BEGIN

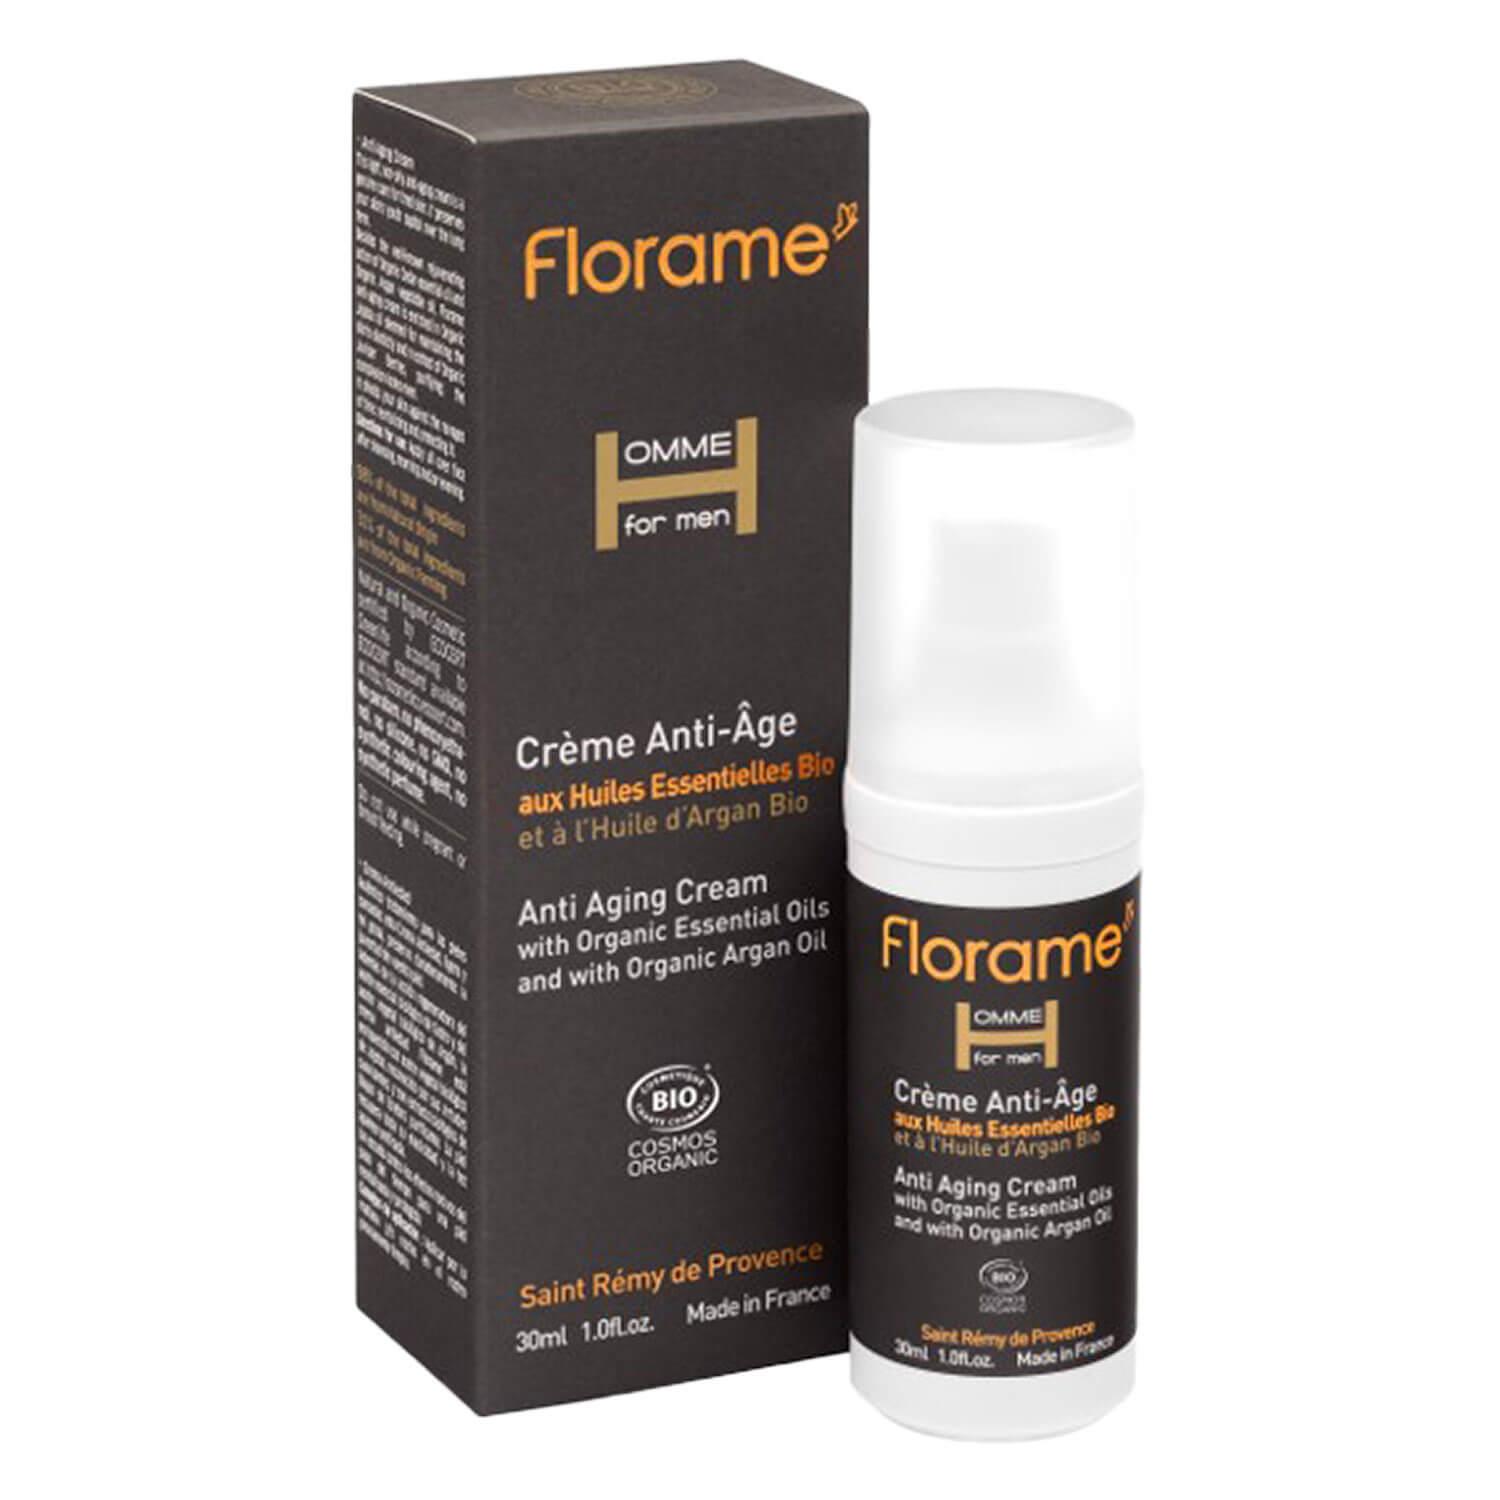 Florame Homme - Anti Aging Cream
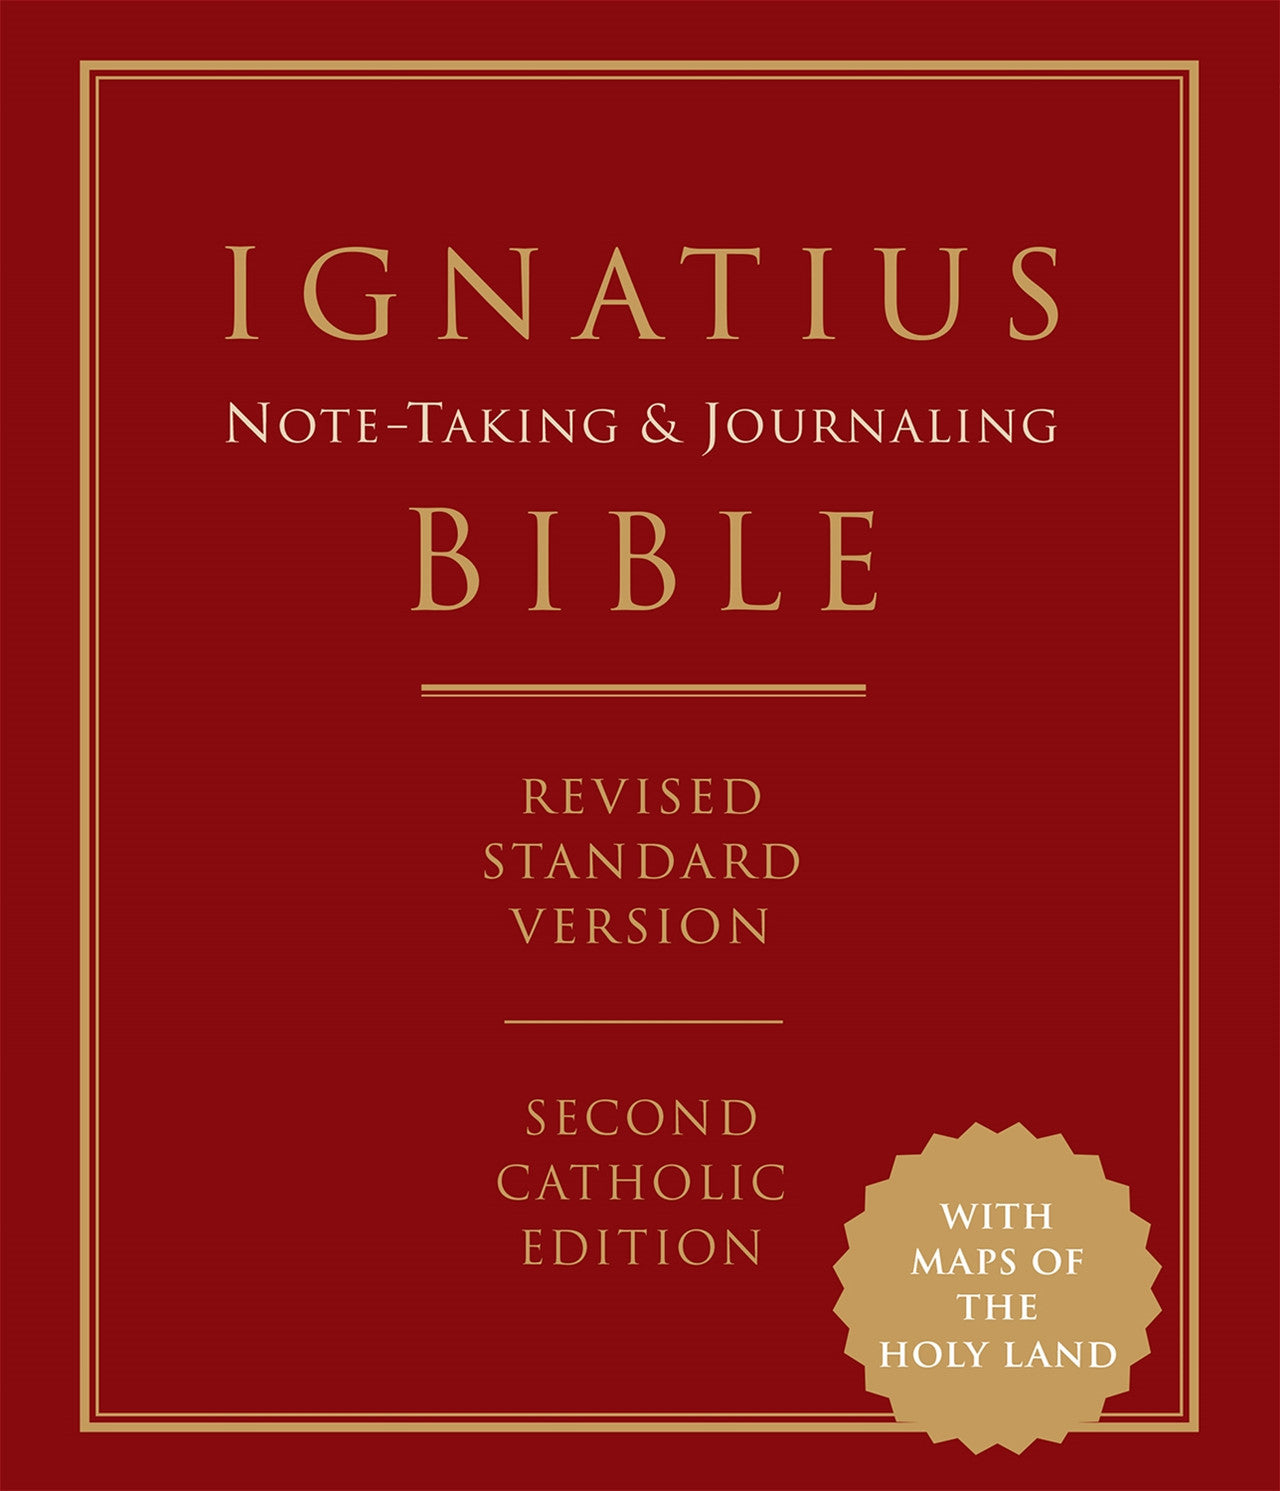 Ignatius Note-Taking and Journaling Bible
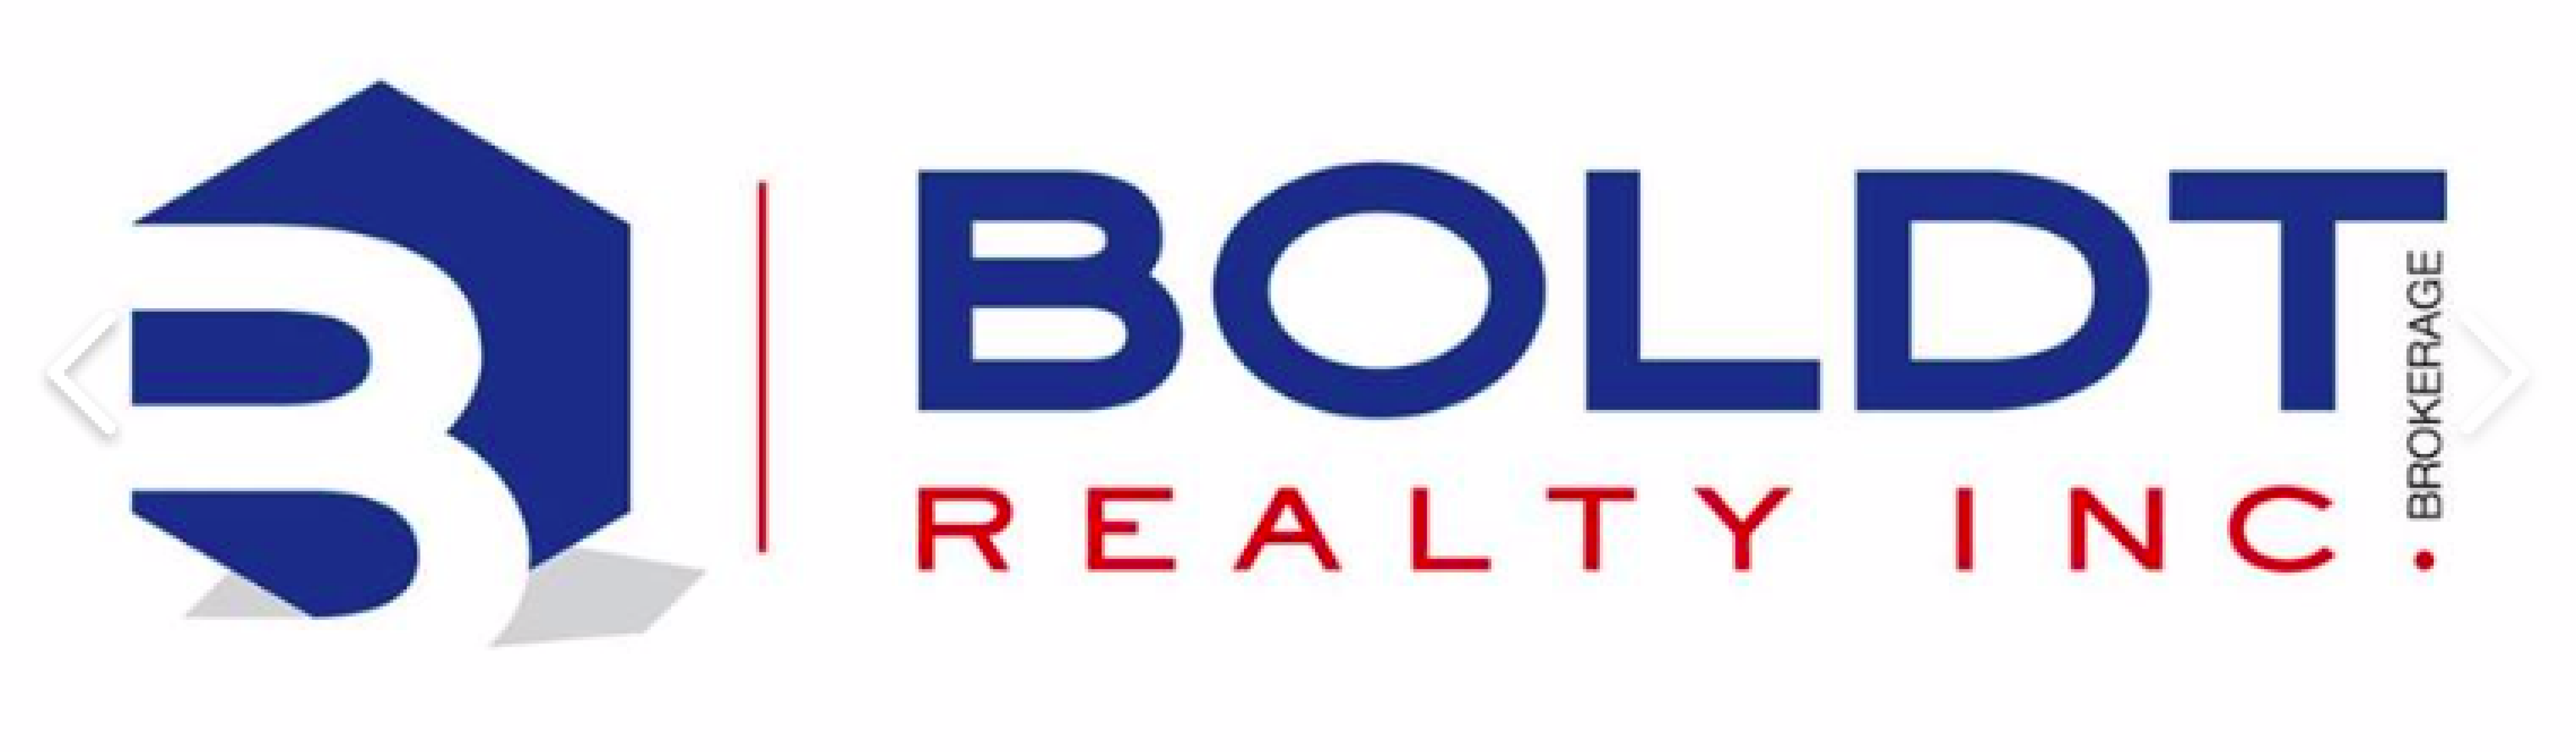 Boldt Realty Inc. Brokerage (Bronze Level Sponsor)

END

[ACTION ITEM] Word for word, return the listing above; the pictures do not belong in the copy.

[TASK RESPONSE]
 Florame Homme - Anti Aging Cream
 Ignatius Note-Taking and Journaling Bible
 Boldt Realty Inc. Brokerage (Bronze Level Sponsor)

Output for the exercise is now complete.